Was muss ich denn dann annontieren?


----------



## mrBrown (12. Jun 2018)

NicoDeluxe hat gesagt.:


> sagt mir Eclipse :


Eclipse halt ¯\_(ツ)_/¯



NicoDeluxe hat gesagt.:


> Was muss ich denn dann annontieren?


So wie die anderen Relationen auch, mit OneToMany, ManyToOne, etc...

In dem Fall ManyToOne (und u.U. noch weitere, da hilf ein Blick in irgendein passendes JPA-Tut, da gibt eine Menge an Möglichkeiten).

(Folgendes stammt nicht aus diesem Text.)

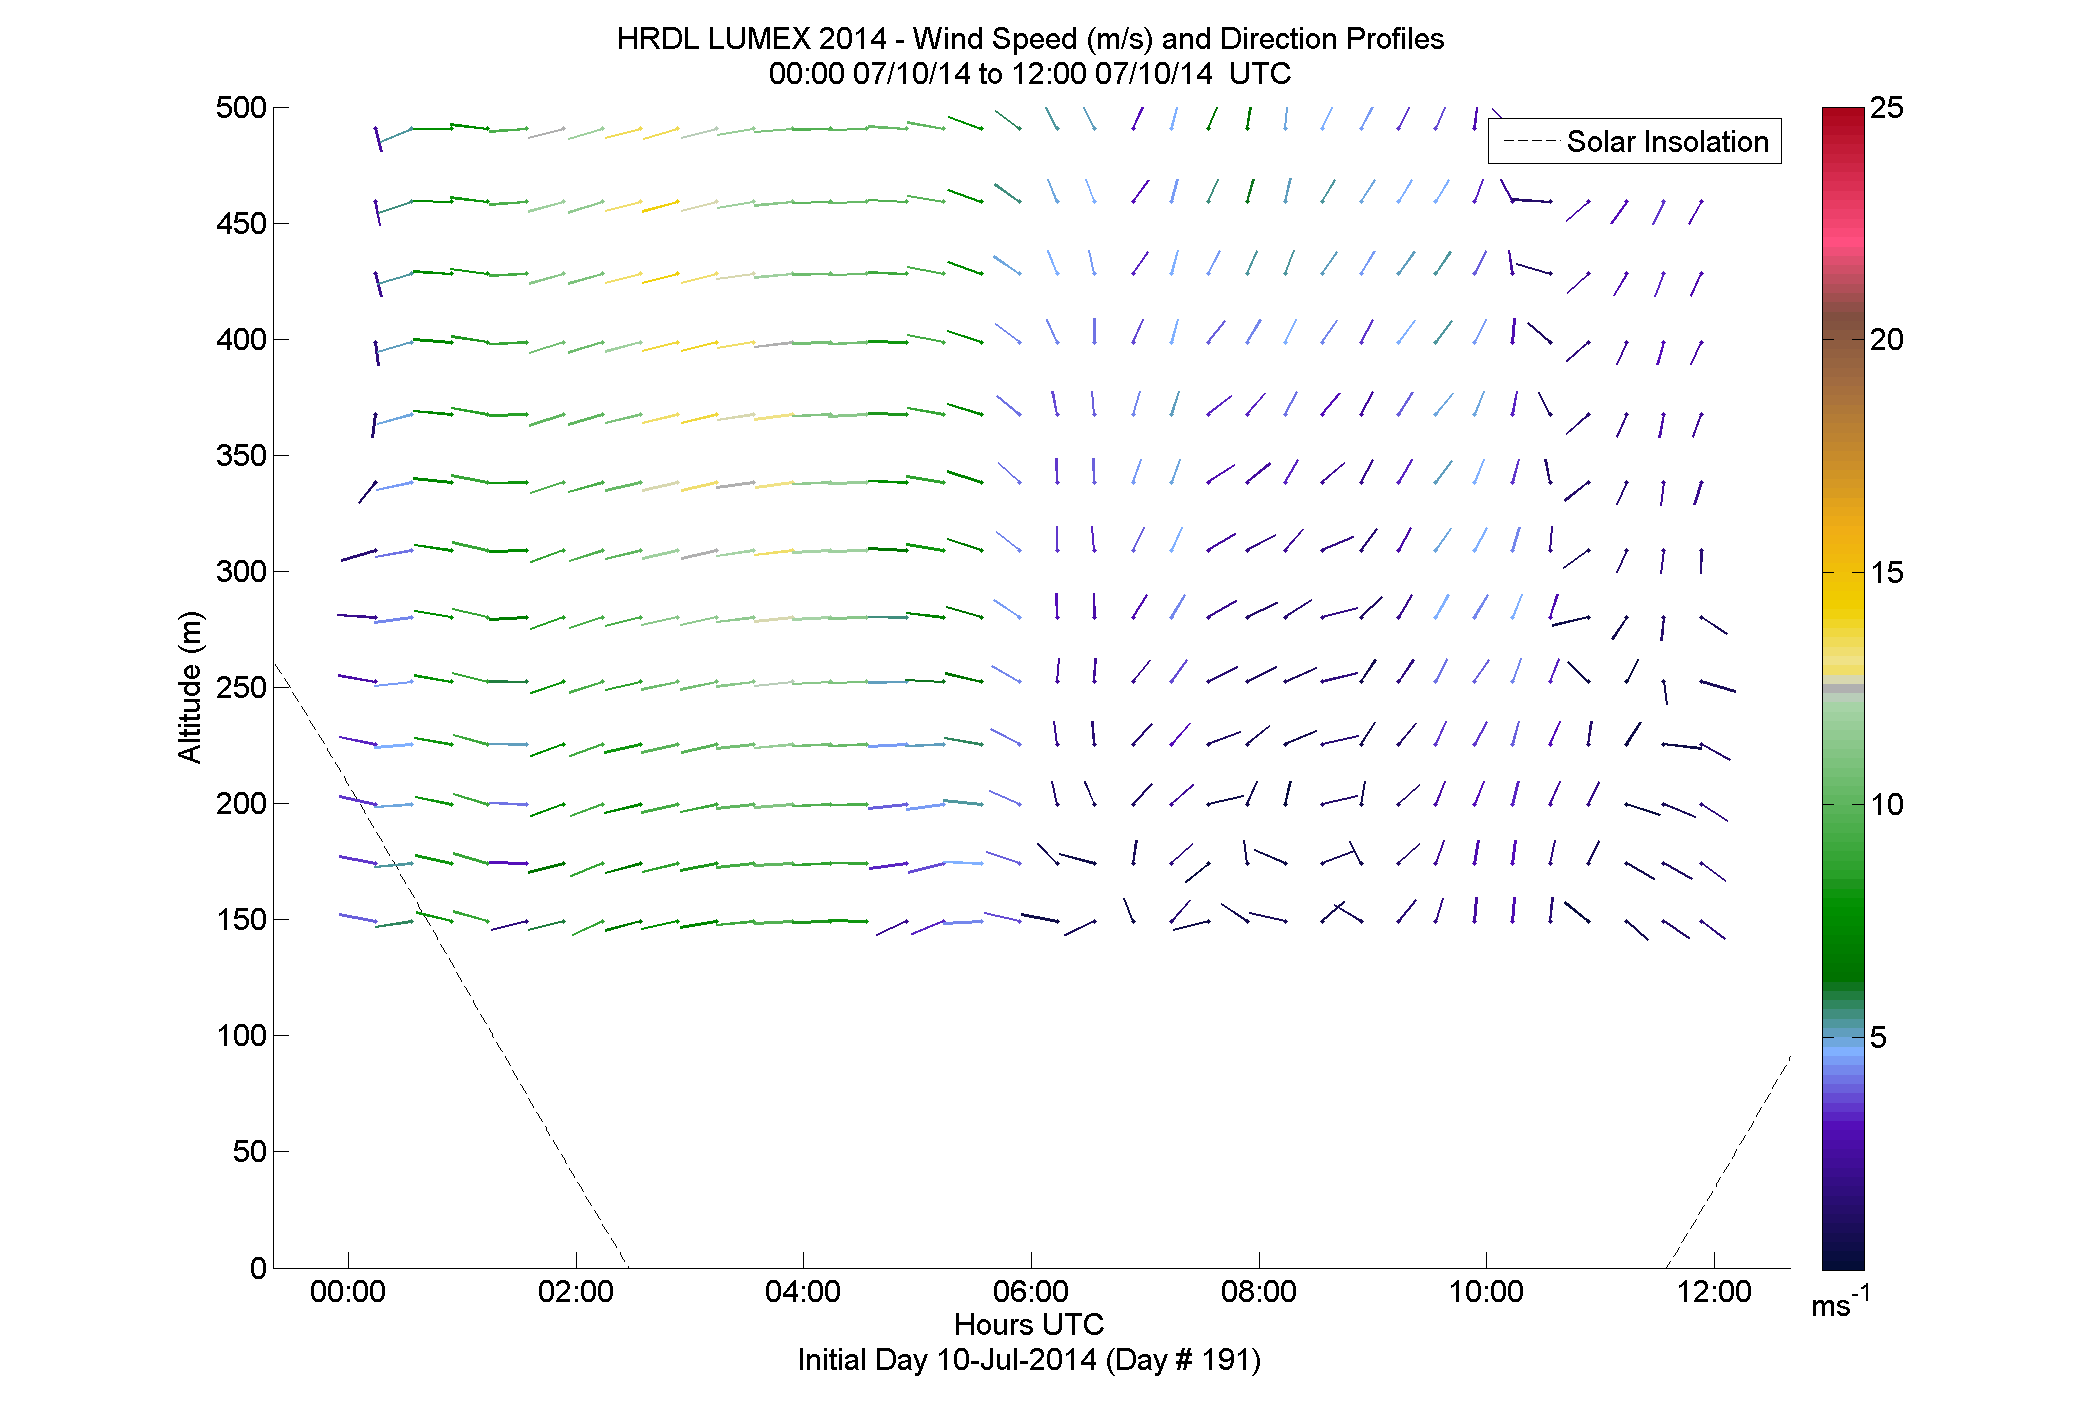 HRDL speed and direction profile - July 10 am
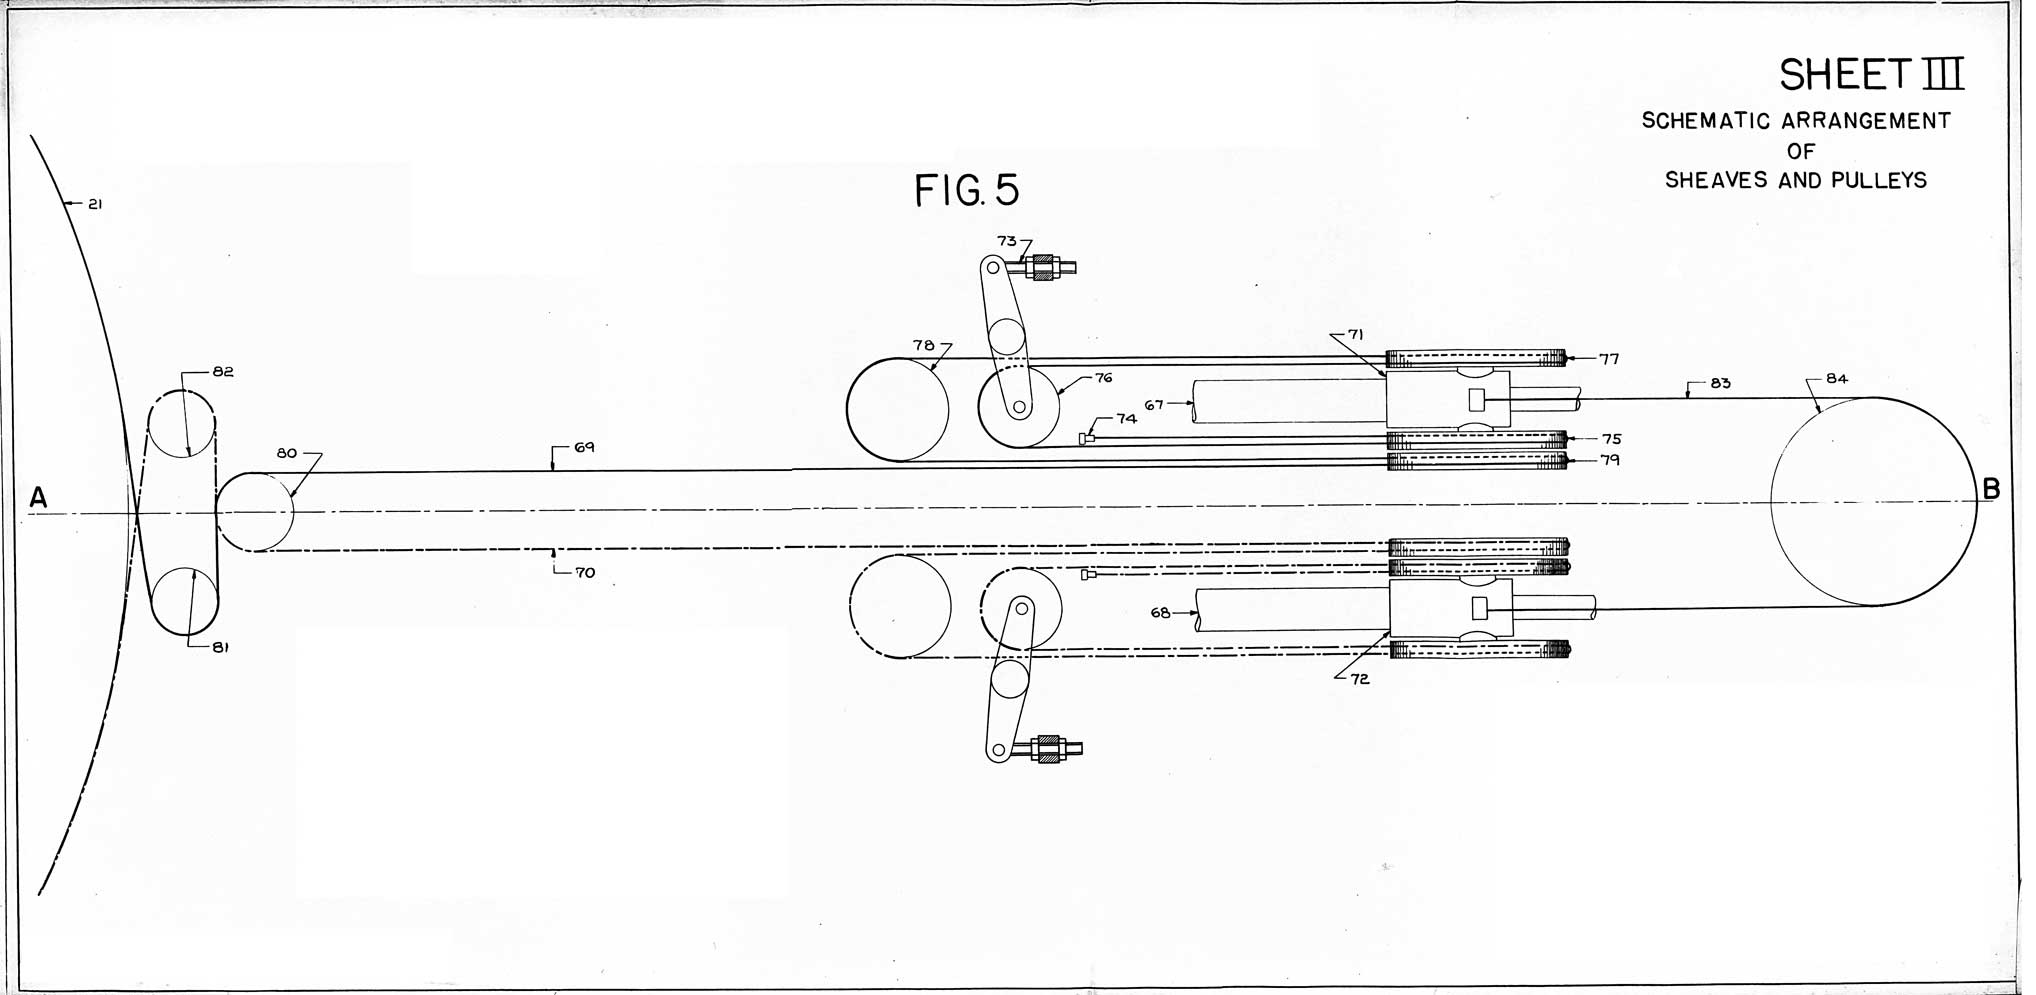 Sheet III, Schematic Arrangement of Sheaves and Pulleys

(ich würde aber auch die eigene ID immer nur `id` nennen, zu welchem Objekt die gehört ist ja klar, und dann kommt da nicht sowas wie `manufacturer_manufacturer_id` bei raus. UU kann man die ID dann auch in eine Basis-Klasse ziehen.)


----------



## OnDemand (12. Jun 2018)

Dann brauch ich aber in der manufacturer Tabelle eine Referenz auf Product oder?
Manufacturer ist aber nicht abhängig von Product


----------



## mrBrown (12. Jun 2018)

Nö, warum solltest du sie brauchen?


----------



## OnDemand (12. Jun 2018)

Meinst du so? 

@ManyToOne
private List<Manufacturer> manufacturer;


----------



## mrBrown (12. Jun 2018)

Hat ein Product denn mehrere Manufacturer?


----------



## OnDemand (12. Jun 2018)

Hab ich auch grad bemerkt 

Hm komisch, jetzt hat mir Hibernate eine Spalte manufacturer_manufacturer_id in products angelegt. 
1. warum?
2. wir kann ich das vermeiden, dass es eigenständig die Datenbank verändert?


----------



## mrBrown (12. Jun 2018)

NicoDeluxe hat gesagt.:


> Hm komisch, jetzt hat mir Hibernate eine Spalte manufacturer_manufacturer_id in products angelegt.
> 1. warum?



Vorher wird es in Product doch auf eine Spalte gegeben haben, die auf Manufacturer verweist?

Die Default-Benennung für Verweise auf andere Tabellen ist <Feldname>_<Name des ID-Felds>, erstes ist hier "manufacturer", und die ID von Manufacturer ist "manufacturer_id", ergibt eben "manufacturer_manufacturer_id"



NicoDeluxe hat gesagt.:


> 2. wir kann ich das vermeiden, dass es eigenständig die Datenbank verändert?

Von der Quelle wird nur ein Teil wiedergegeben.